There are two forms of energy in the loaded string: the kinetic energy of the masses (which corresponds to the kinetic term in the wave Lagrangian) and the elastic potential energy of the string. Notably, there is no elastic potential energy if two adjacent masses are displaced by the same amount, since the string is not stretched or compressed in this situation. In other words, there is an energy associated with having a different displacement at different points along the string. In the limit of $N \to \infty$ infinitesimally spaced masses, this discrete difference turns into a gradient, with an energy associated with non-zero gradients.
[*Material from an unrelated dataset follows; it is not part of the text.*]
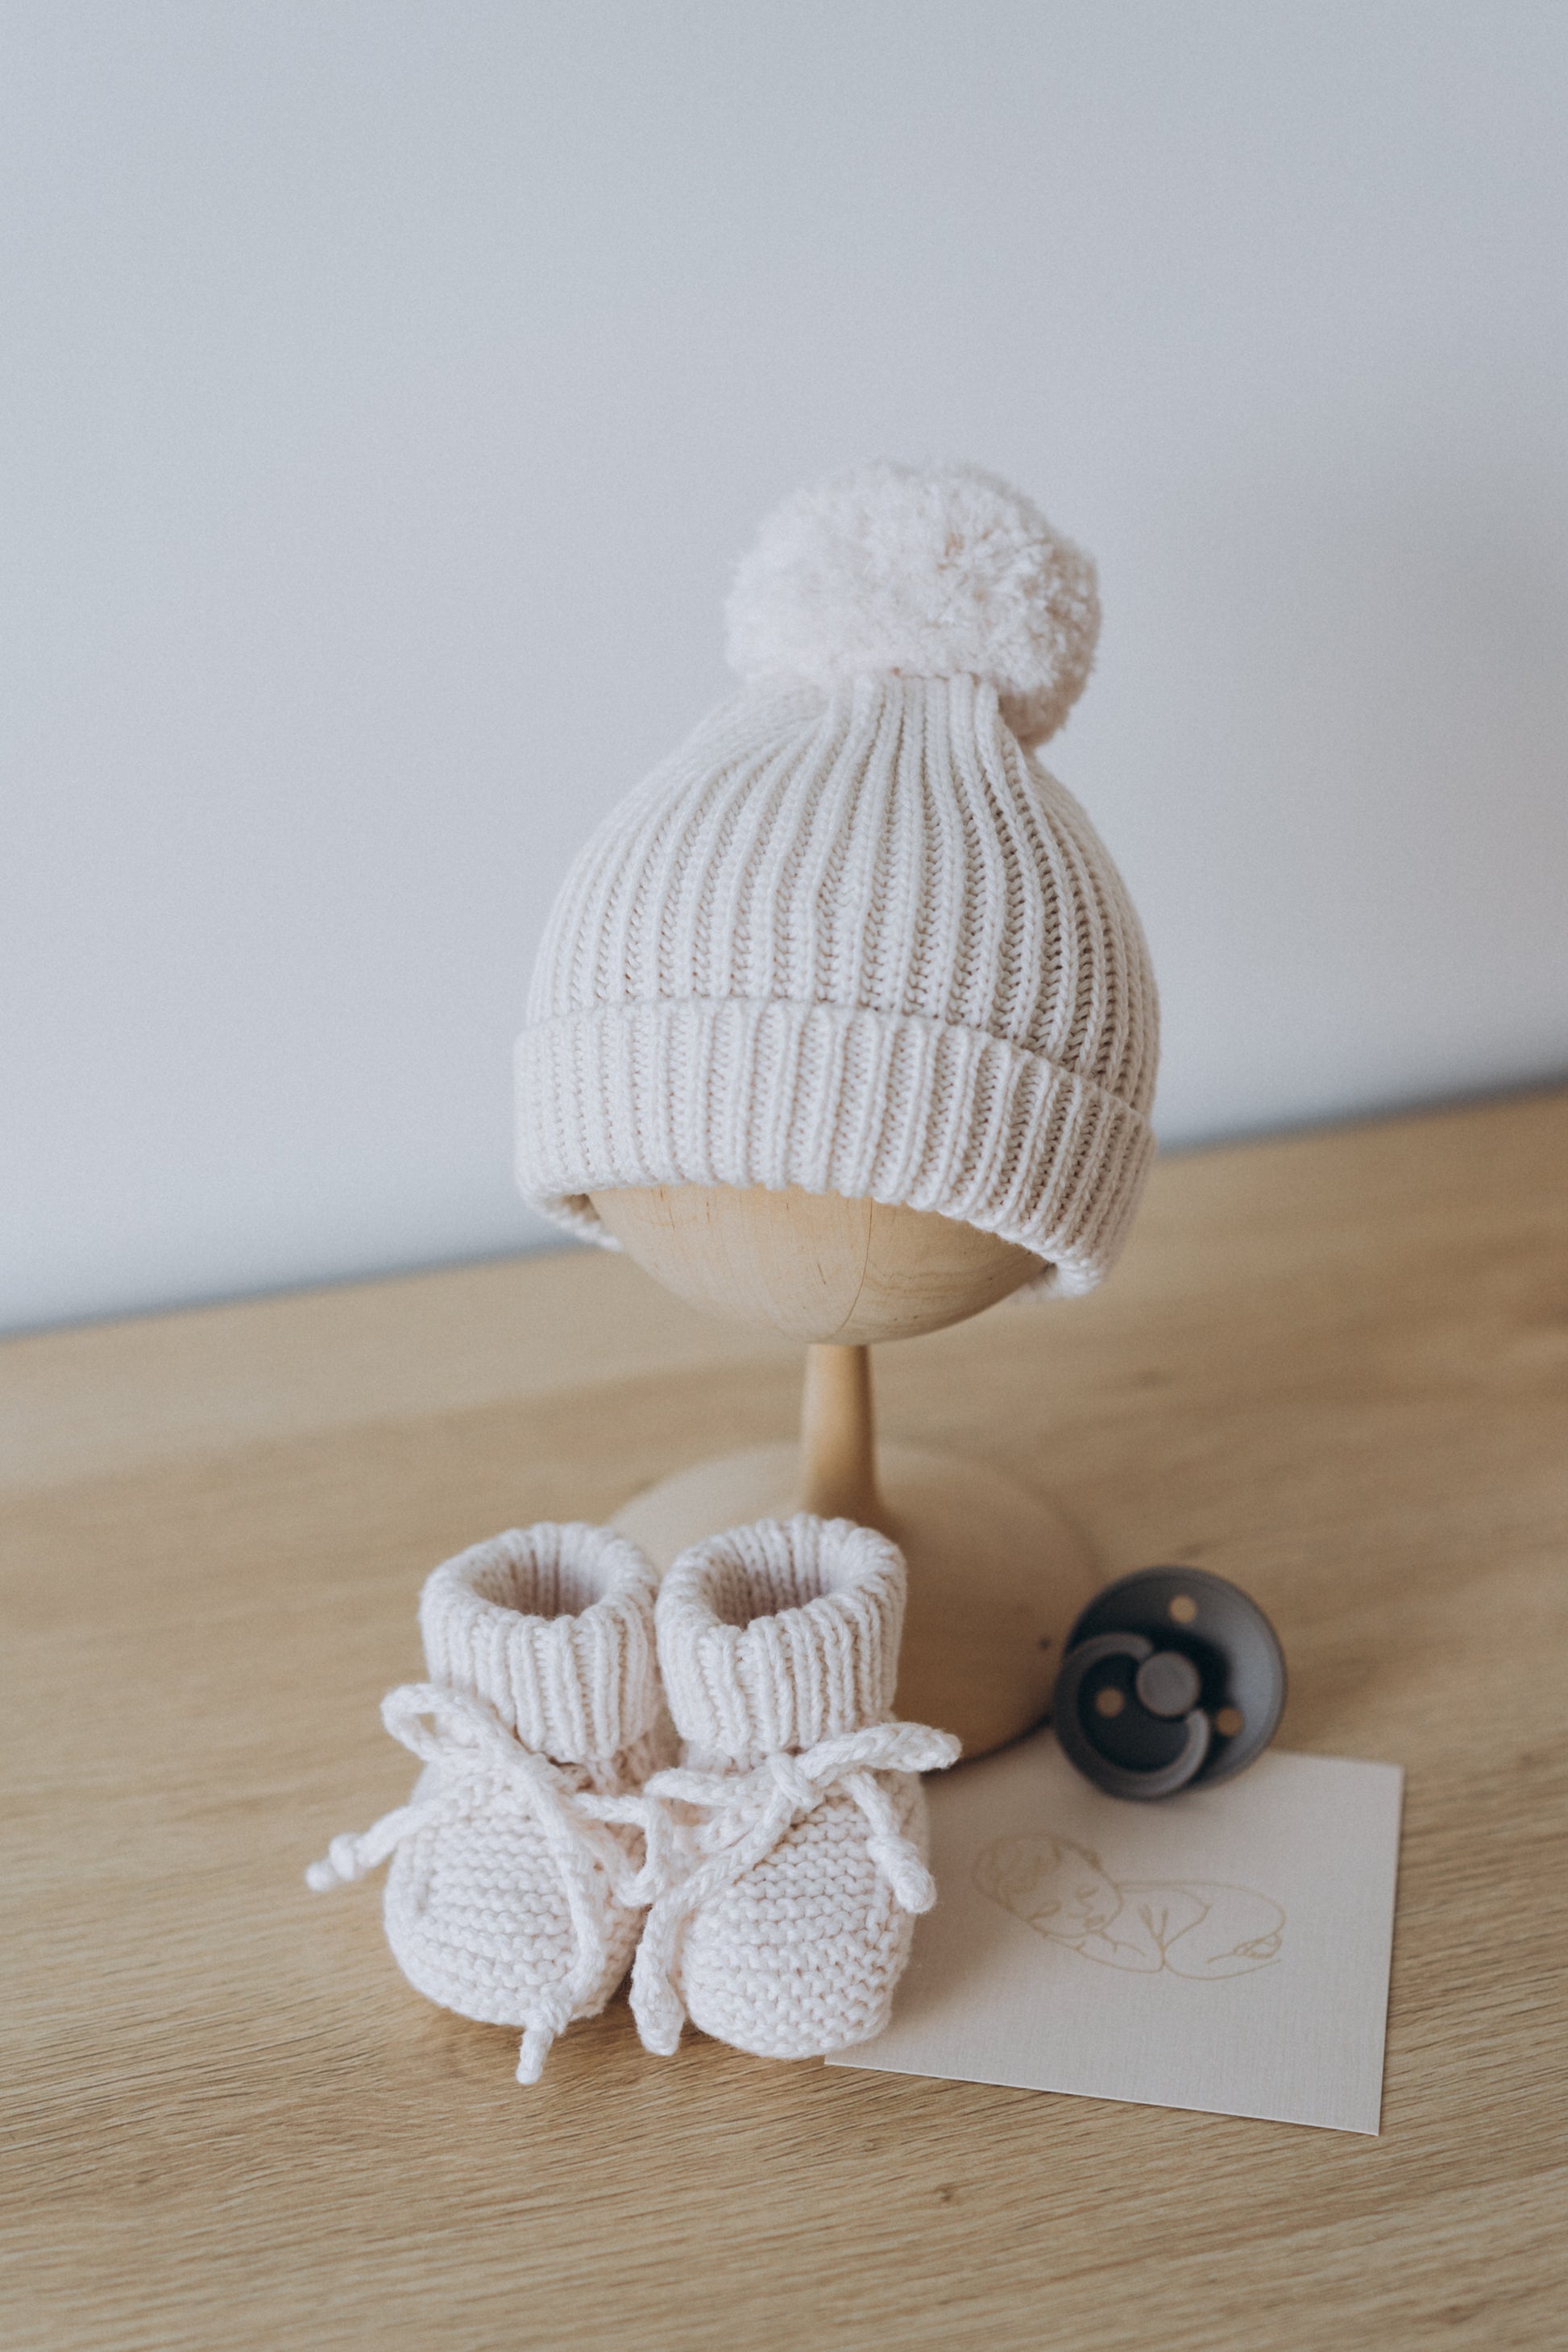 newborn knit outfit, baby knit hat, baby crochet booties, gender neutral outfit, mom to be gift, new baby gift basket

The potential term $U(\phi)$ in the wave Lagrangian, on the other hand, doesn't have a simple analogue in the classical loaded string. Since $U(\phi)$ depends on the absolute values of $\phi$, rather than the relative values of $\phi$ at "adjacent points", we would need to modify the loaded string to add a potential that depends on the absolute displacement of each mass. Imagine, for example, a loaded string where each mass is attached via springs to its nearest neighbors, but also to the table; or (inspired by @Javier in the comments) a set of pendulums attached by springs. The energy from the attachments to the neighbors would yield the analogue of gradient energy, while the energy from the attachment to the table (or the gravitational potential energy) would yield the analogue of field potential energy.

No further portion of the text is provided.